◆ What you have to do
Beginning with the first line, return the material verbatim and without pictures.

◆ The data
--- START ---

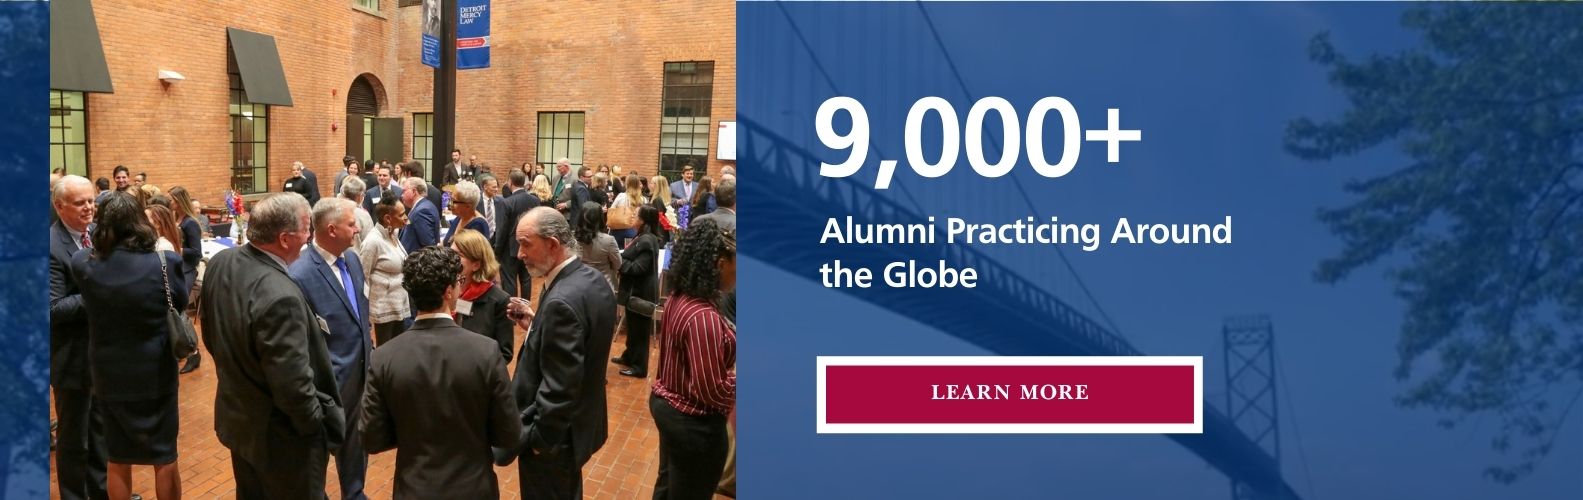 9000+ alumni practicing around the world
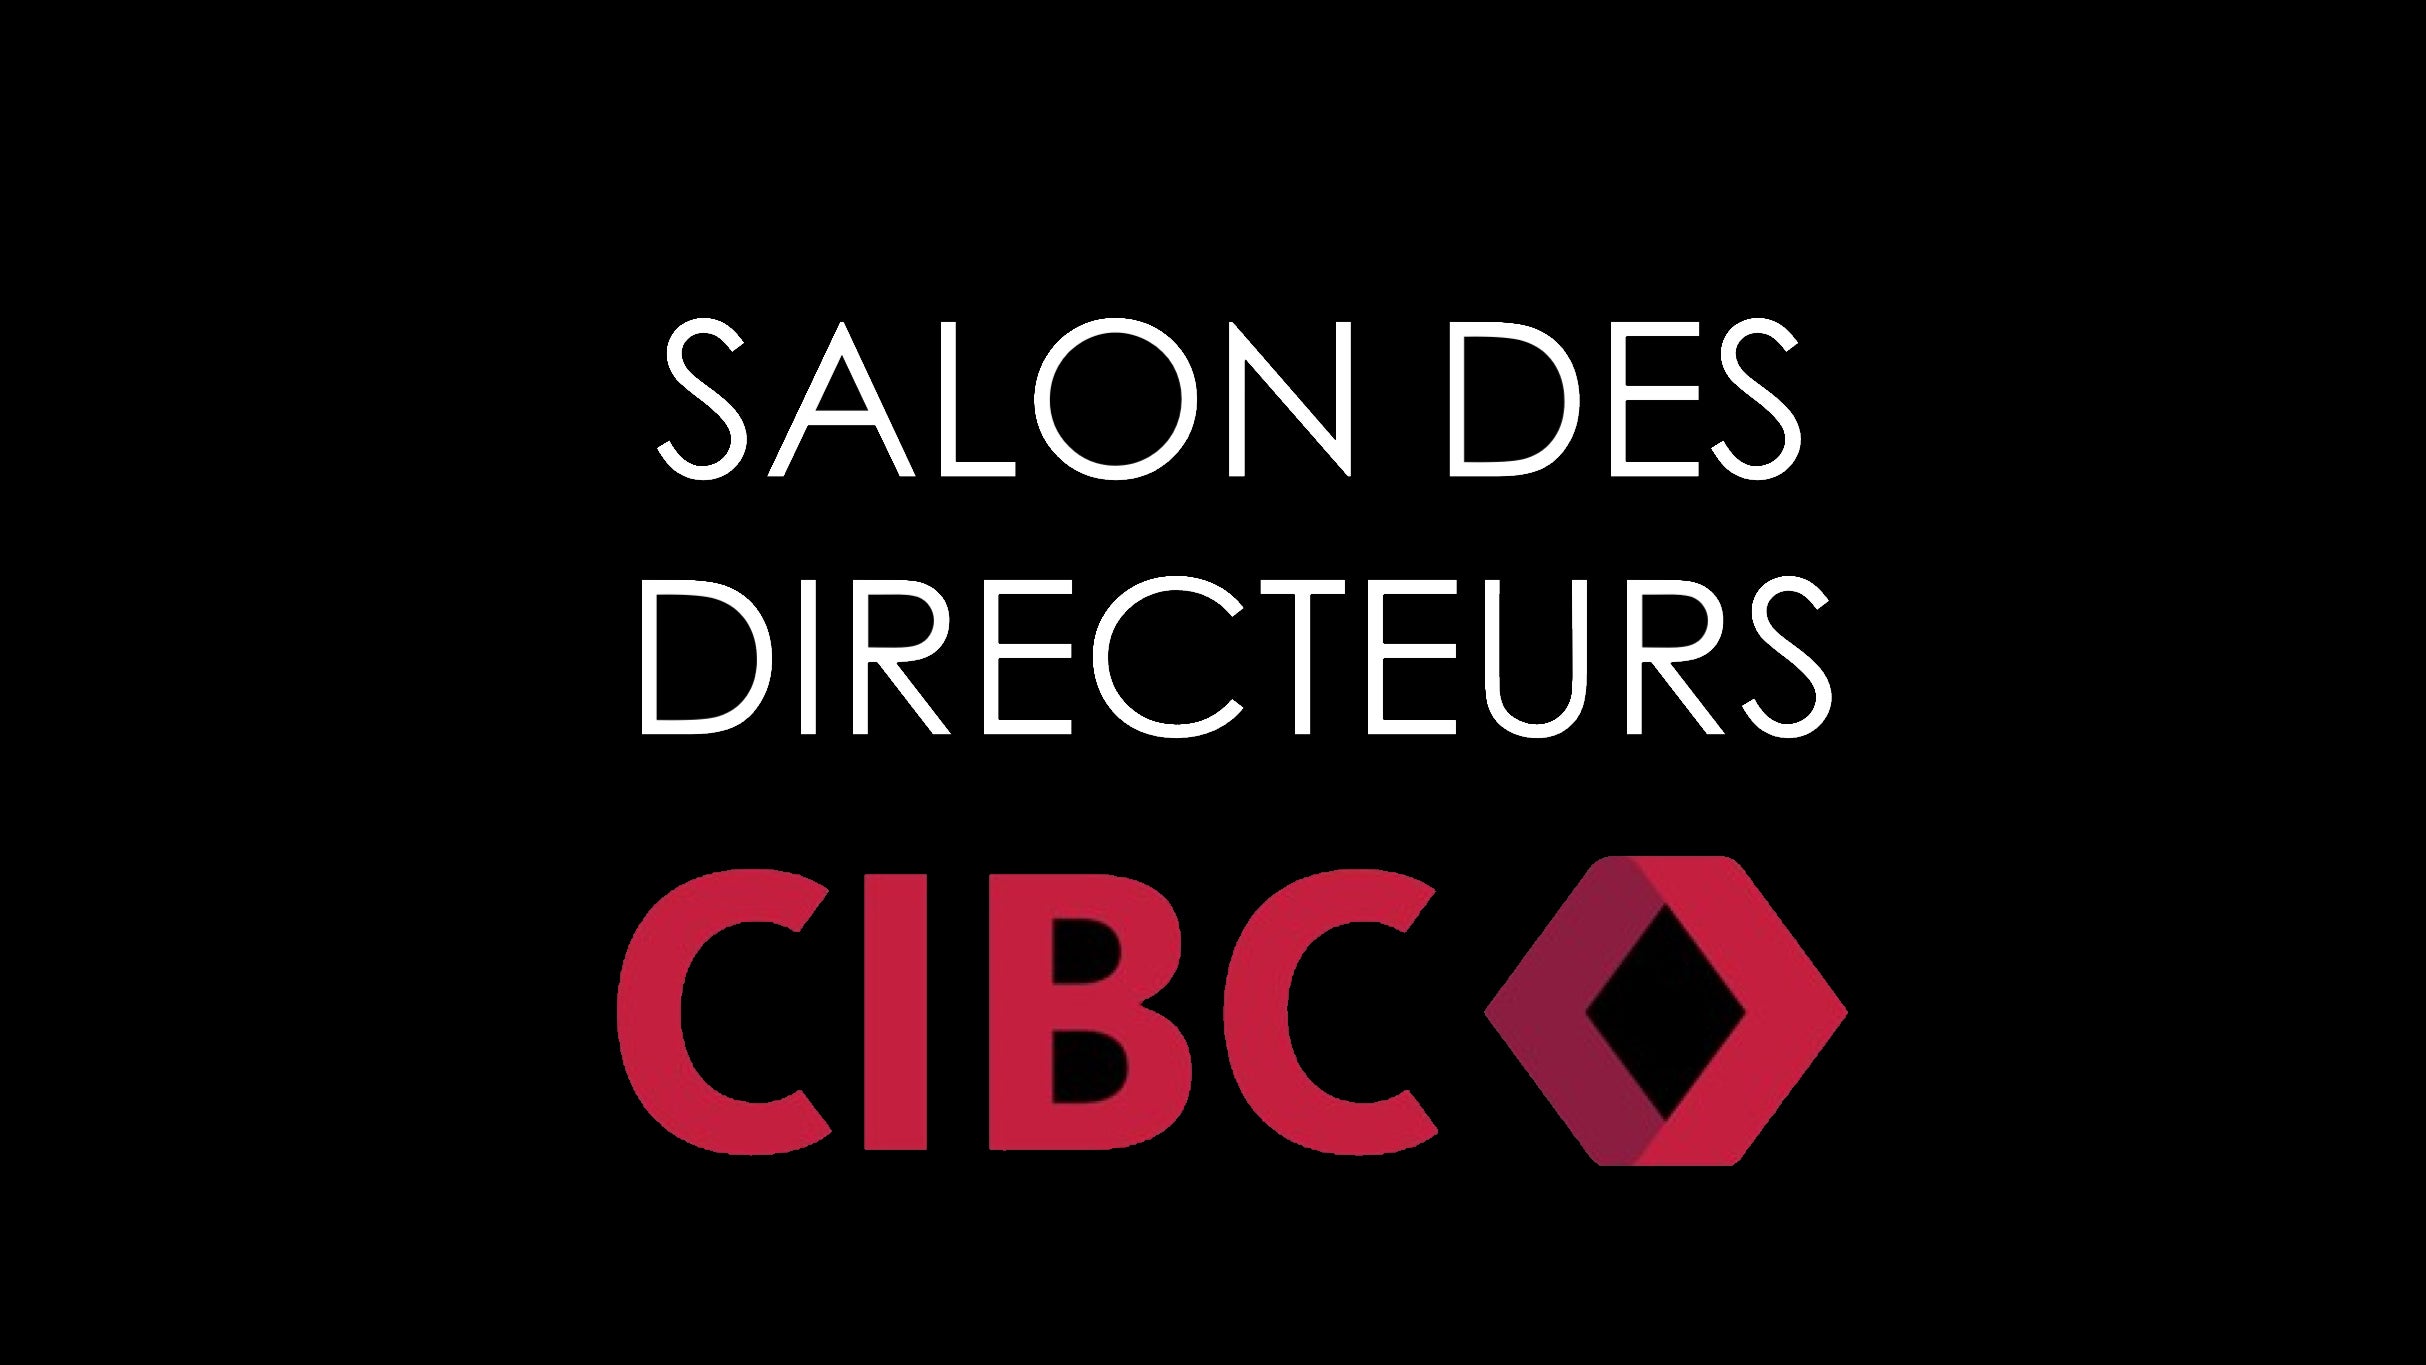 Salon des Directeurs CIBC presale information on freepresalepasswords.com
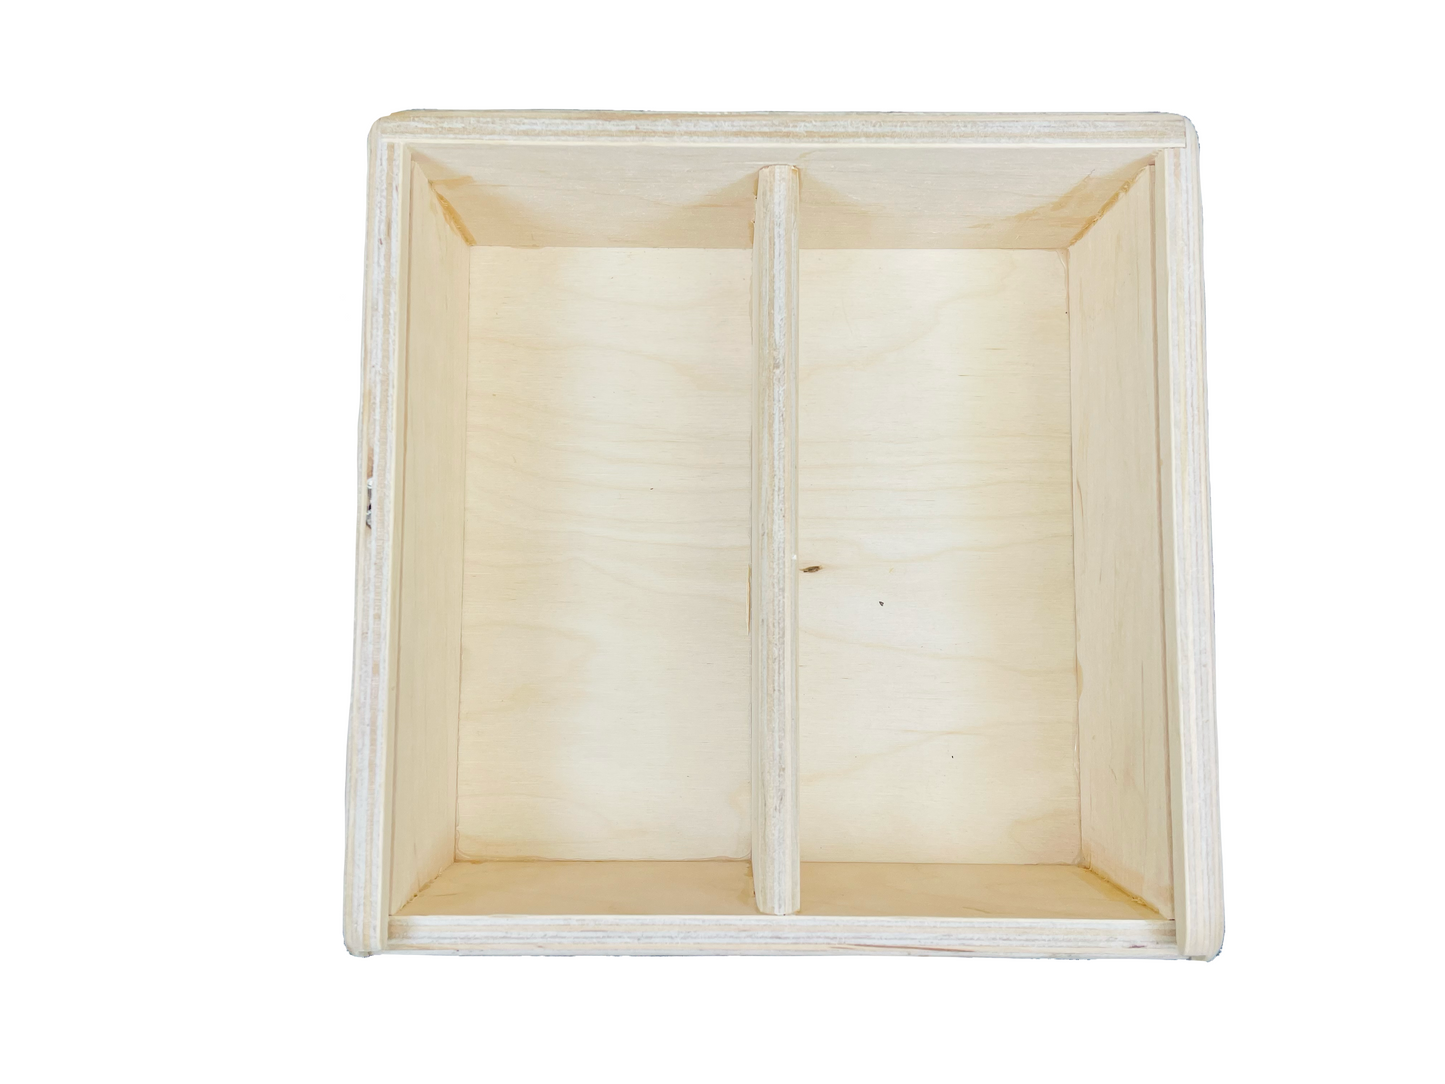 Wooden box for activities

--- END ---

◆ Expected answer
 9000+ alumni practicing around the world
 Salon des Directeurs CIBC presale information on freepresalepasswords.com
 Wooden box for activities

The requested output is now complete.